Historically, Vandame's assault on the Stare Vinohrady was virtually a non-contest. The remnants of the mauled Allied IV Column, composed of six battalions of the IR#23, five severely reduced Russian battalions and their attached artillery, tried to hold the heights, but the French had both the numbers and the quality to quickly overwhelm them. Nevertheless, in reading the numerous accounts of the engagement I thought there were a few 'what-ifs' that  if cobbled together could make a viable, if somewhat asymmetrical scenario. The following is what piqued my interest:
  • Scott Bowden's 'Napoleon and Austerlitz' describes the Austrian and Russian contingents as separate actions even though they occurred very close to one another on the Pratzen Heights. I think much of this had to do with both the difficulty of communication between the Austrian and Russian partners along with the fact that the Allies wanted to cover-off as much of the heights as possible. Nonetheless, what if the Allies had drawn themselves closer together to better support one another, would it have helped?
  • Bowden further describes that the two Allied contingents did not make good use of the available ground, which had several vineyards below the summit (thus the name 'Vinohrady'). These would have slowed down infantry attacks and pretty much nullified threats from cavalry. Historically the Allies deployed well back from the vineyards, surrendering their advantages to the French light infantry. So what if the Allies had positioned their forces to take better advantage of the available ground, could it have aided their defence of the heights?
  • In David Chandler's 'Austerlitz, 1805' he obliquely mentions another unit of Kolowrat's command, Infantry Regiment #24, being in support of IR#23. Reportedly this was a depot battalion of around 400 conscripts, but I reasoned that every man would have helped to spread out the line on the Heights and so included them in my Order of Battle. I also added cavalry support to both sides. The French had access to Boye's Dragoon brigade (which was historically on-hand) and the Allies now have two regiments (Dragoons and Hussars) originally from Liechtenstein's V Column of cavalry and Wodiansky's Advance Guard. So, finally, what if the Allied High Command had released more cavalry assets to the defence of the Heights?
So for our scenario I incorporated the above conjectures and worked with the hypothesis that Kolowrat and Miloradovich have decided to concentrate and coordinate their efforts thereby bringing their forces together - forcing Vandamme to engage them as a combined force on the summit, on advantageous ground of their choosing. 

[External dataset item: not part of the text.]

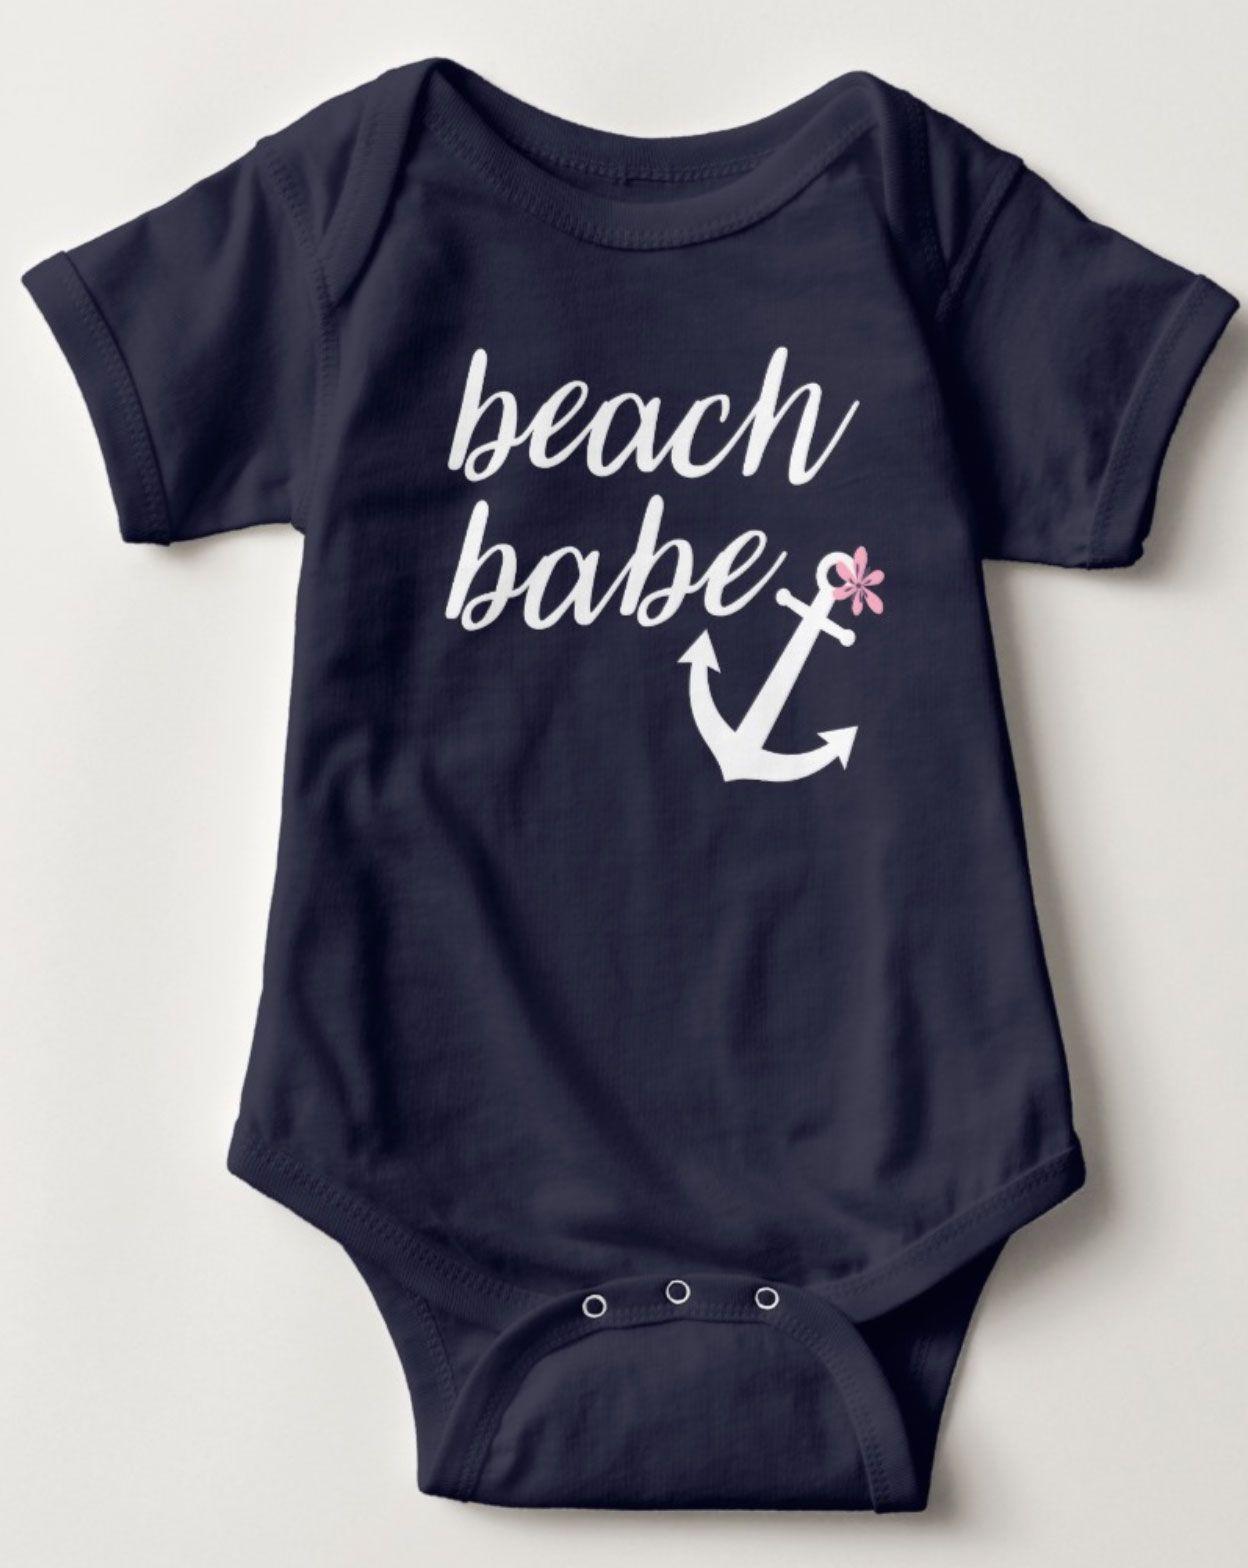 e06c1b18351d beach babe
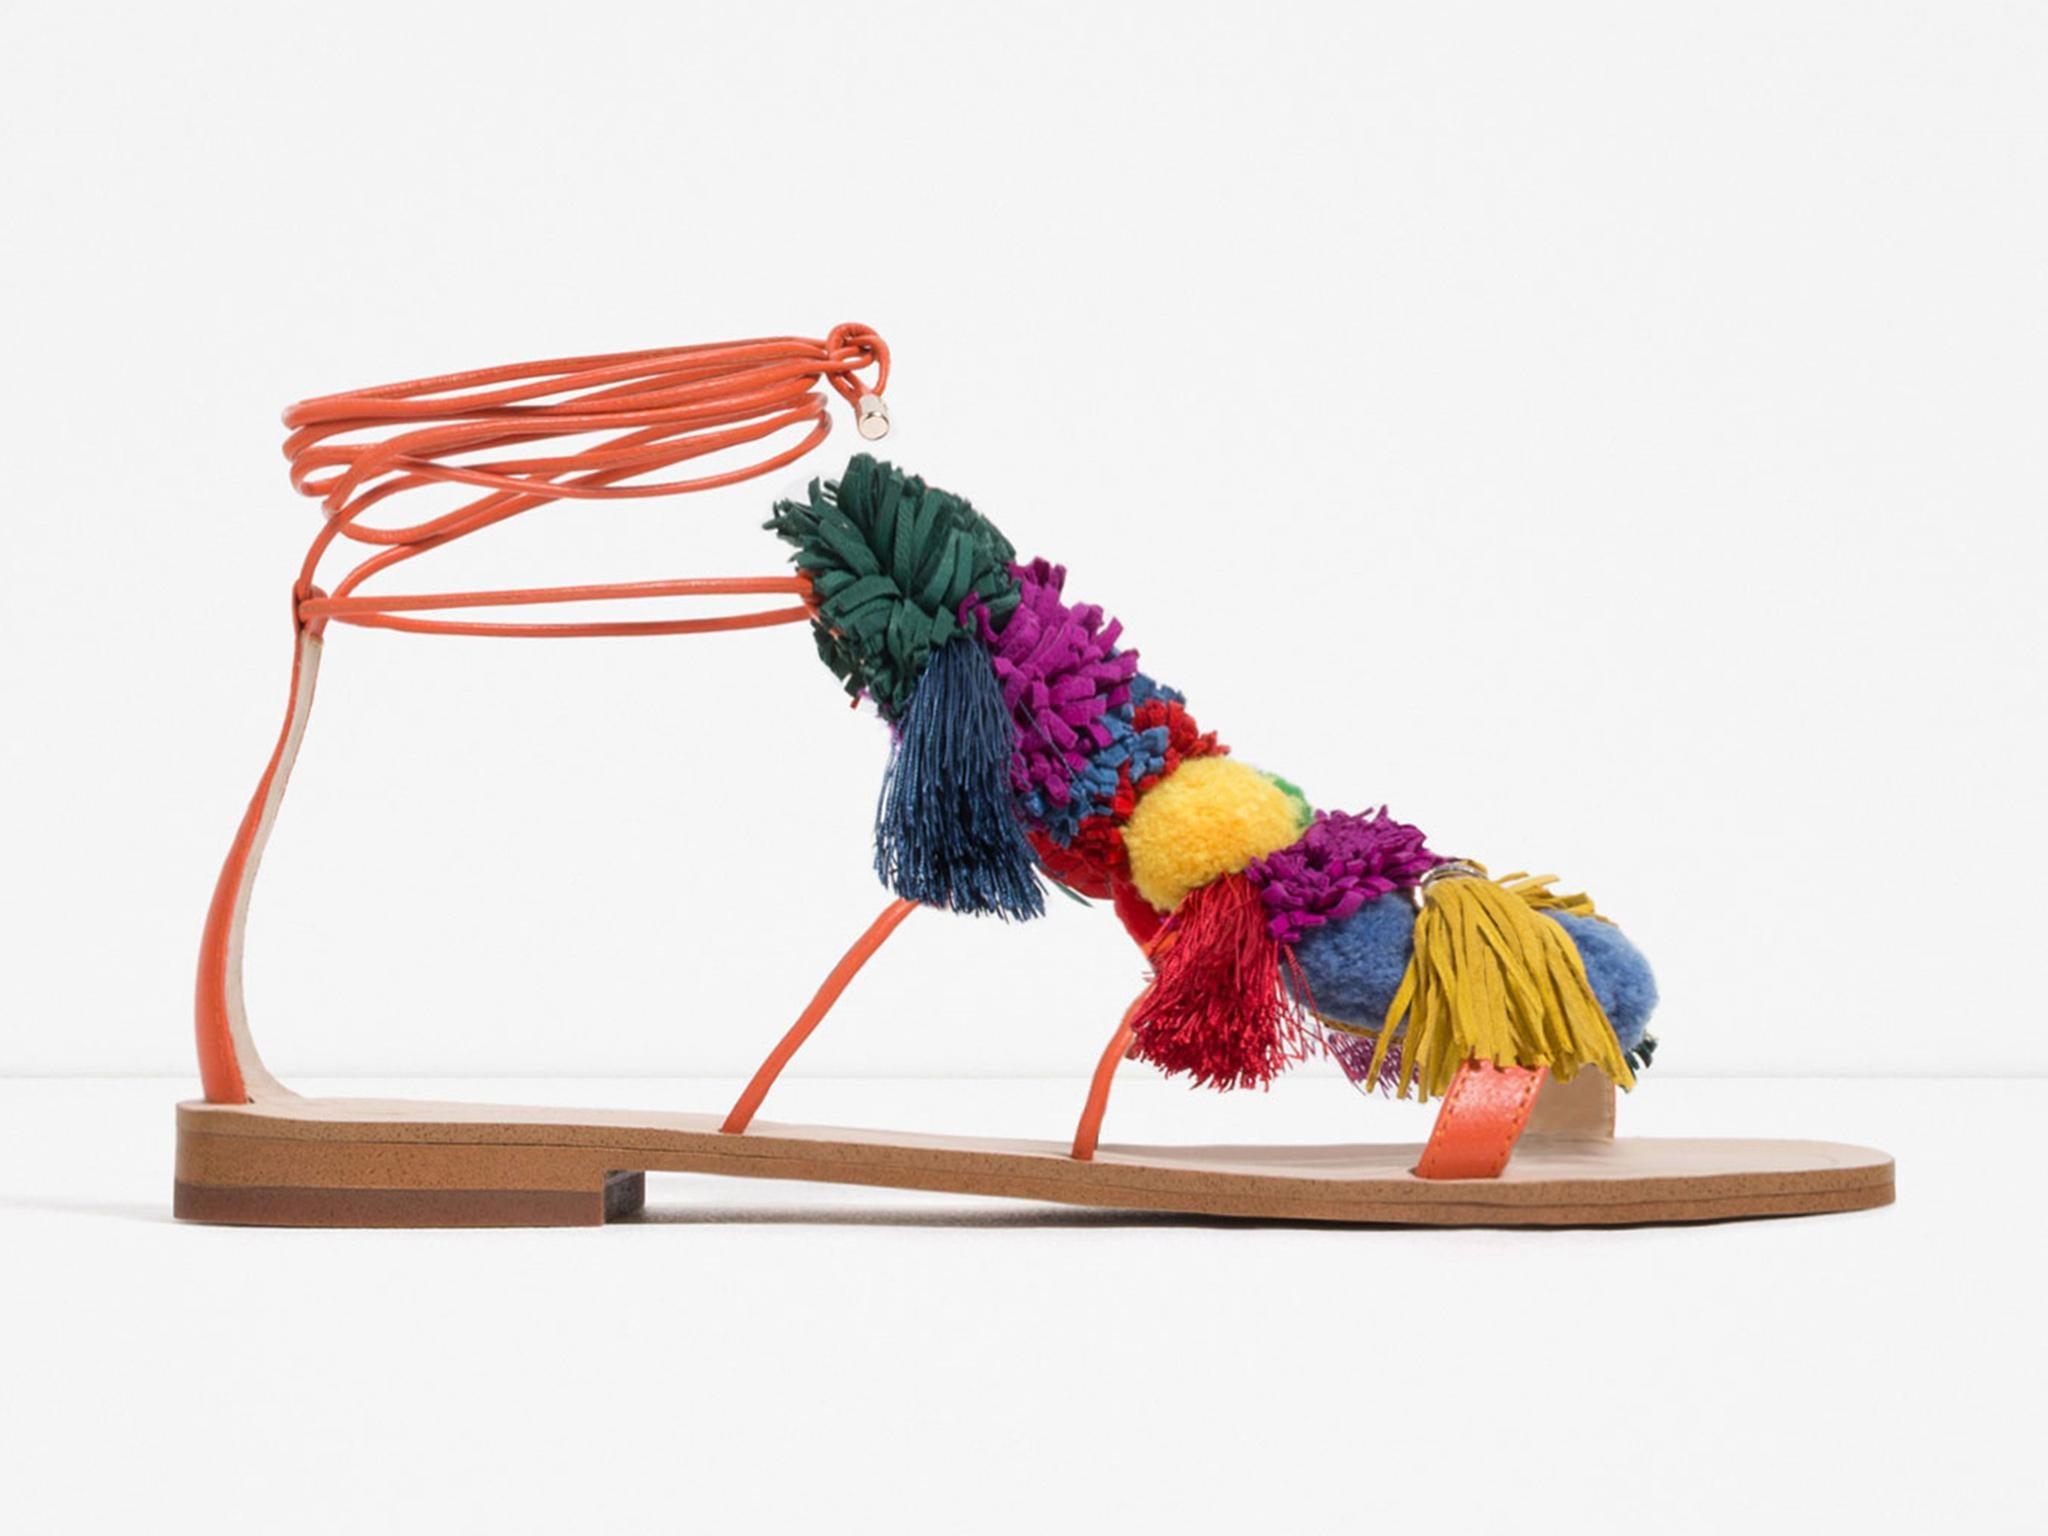 6206d6c8a 10 best summer sandals for women

A map of the rough dispositions of the two armies as seen at the start of the action. 
For our game we used our home-grown rules, 'Food for Powder', which do a very good job of reflecting unbalanced engagements. This battle was actually fairly large for a battalion-level game (24 battalions, 4 regiments of cavalry and 3 batteries of guns) so we played it on a 6x10 surface to give us enough room to maneuver. Some may notice that I did not model the Heights on the tabletop - in my reading it seemed to suggest that the path Vandamme took on his assault was along a very gradual slope and therefore would not have granted much tactical superiority to the Allies so I decided to leave out modeling the Heights for sake of clarity.

The Stare Vinohrady today as seen from Vandamme's initial positions.
For our battle we had John and Dan on the French side, while Greg and Sylvain ran the Austrians and Russians respectively.

Here the French commanders, Dan and John, look on with Stacy (on the right) assisting as umpire.
Greg and Sylvain commanded the Austro-Russian force.
The first turn was fairly quiet, seeing the French move towards the heights along their entire front, including their guns. For the Allies, they stayed in place but were very lucky in their reinforcement roll and an composite brigade of cavalry (Austrian Hussars and Dragoons) arrived on their right flank. Greg formed them up in column of squadrons, with the Hussars leading and the Dragoons in support.

In the second Turn the French brought in their own cavalry in the form of Boye's bigade of Dragoons (under Dan). They deployed on the French right flank, in extended column of squadrons, diagonal to the Austrian cavalry. This choice of deployment had a critical impact in the following turns for both sides as the cavalry had free reign in each of their sectors. Eyebrows were duly raised with this heap of snorting cavalry showing up on the tabletop all at once.

Boye's Dragoon Brigade heading towards the Russian line.
Amongst our group, Sylvain is legendary for his caution so you can imagine the hoots of derision when he began to retrograde his Russians in response to the arrival of the French Dragoons. (As you will see Sylvain had the last laugh as his refusal of the left flank probably saved the Allied line.)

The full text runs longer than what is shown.